When developing a CS scheme for wildlife disease surveillance, it is important to identify likely sources of data bias or inaccuracy and to determine whether sufficiently high-quality data can be collected by non-professionals to achieve the aims of the project. Where CS facilitates the collection of a large volume of data, which would not be possible by other means, a trade-off may need to be made between data quality and quantity (Tulloch et al. 2013). Bias or error in a minority of reports may not unduly influence interpretation of a large dataset. Whilst specific evaluation is required for each CS scheme, studies have concluded that contributed CS data are generally reliable and can be used to generate robust findings (Mulder et al. 2010; Szabo et al. 2012).

To minimise the submission of incorrect data by volunteers, expert verification of data has been utilised (Gardiner et al. 2012). Bonter and Cooper (2012) developed a smart filter system that automatically screens data, identifies entries that violate set criteria and forwards them for expert review for clarification before their acceptance into the dataset. Combining automatic validation with manual verification of anomalous reports offers an efficient means to improve the accuracy of data through identification of implausible sightings.

Opportunistic schemes that rely on ad hoc reporting of wildlife disease incidents are vulnerable to bias due to uncontrolled observer effort over time and space.
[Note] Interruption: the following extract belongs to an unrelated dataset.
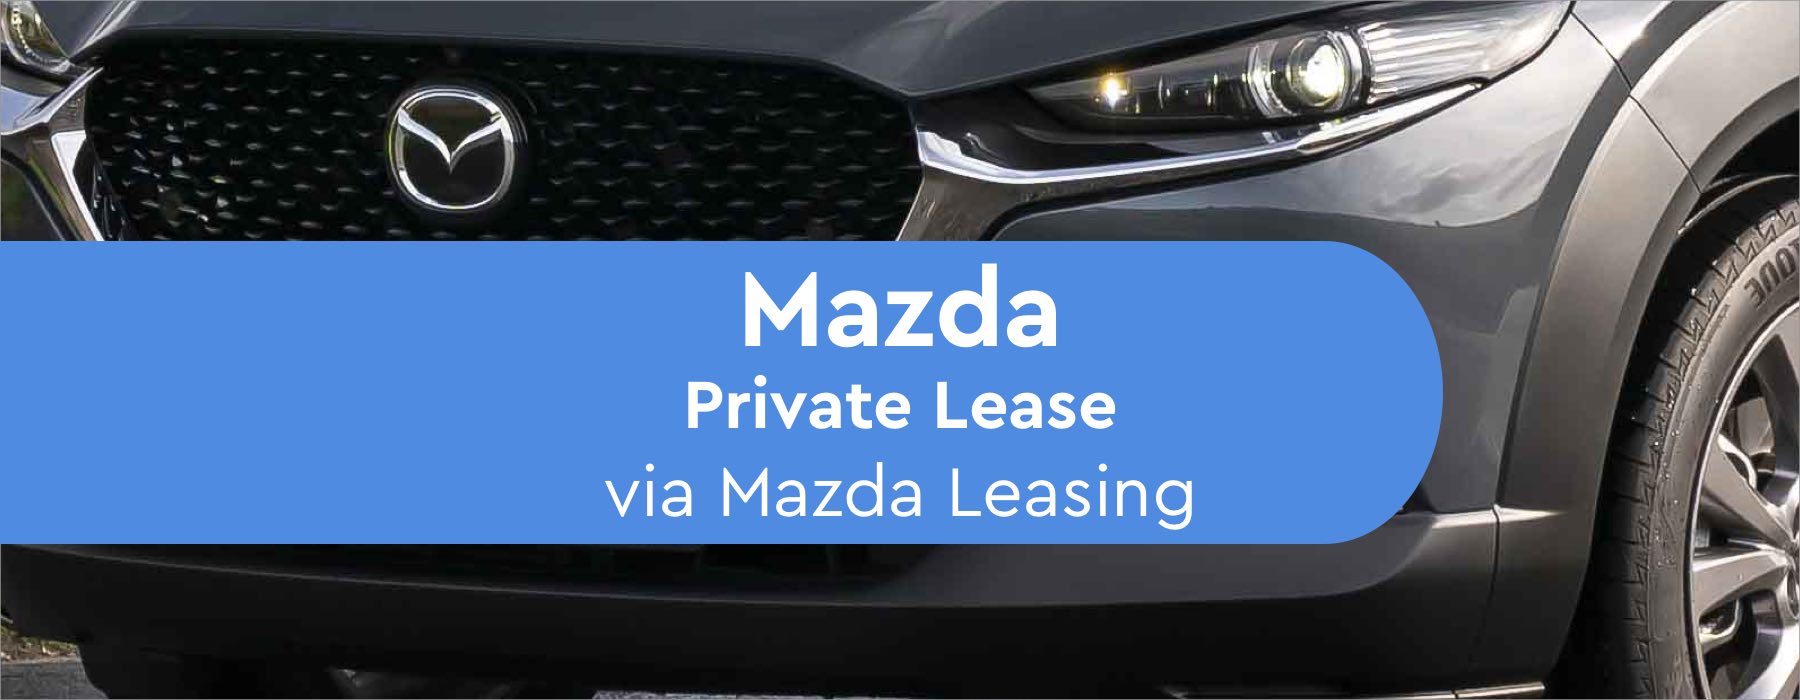 Mazda Leasing Private Lease

For example, raised public awareness following local media attention (Ward et al. 2006) can increase the number of reports in a particular location which could easily be misinterpreted as a peak in disease occurrence.

It might not be possible to overcome some types of data bias in CS projects, but such projects may still be worthwhile provided this is taken into account. Pocock and Evans (2014) conducted statistical modelling to characterise bias in a CS dataset and used this to generate corrected data estimates for analysis.

For wildlife mortality, reporting is likely to be skewed towards incidents involving charismatic or easy-to-detect species, mass mortality incidents and mortalities of unknown cause. For example, Ward et al. (2006) observed that carcasses of large, colourful birds are more likely to be reported by citizen scientists than those of less-visible species. Also, the likelihood of mortality incident detection is greater in urban areas with dense human populations than in rural habitats (Ward et al. 2006). For CS schemes that rely on opportunistic surveillance, it might be possible to estimate variation in surveillance effort per unit area by stratifying disease incident reports by human population density, e.g. Robinson et al. (2010). Systematic surveillance schemes can be used to identify regional differences in disease incidence by comparing the proportion of monitored sites where a specific incident was observed per unit time amongst regions, e.g. Robinson et al. (2010).

Conclusions

The need for a ‘Big Science’ approach to wildlife health surveillance, employing new methodologies and adopting collaborative and multidisciplinary models following the One Health paradigm has recently been highlighted (Sleeman 2013). There are several apparently successful examples of CS schemes for wildlife disease surveillance and this review highlights their scope, logistics and limitations. The potential role of CS schemes in optimising cost-effective and novel wildlife health surveillance by harnessing the power of the crowd should be recognised and further developed.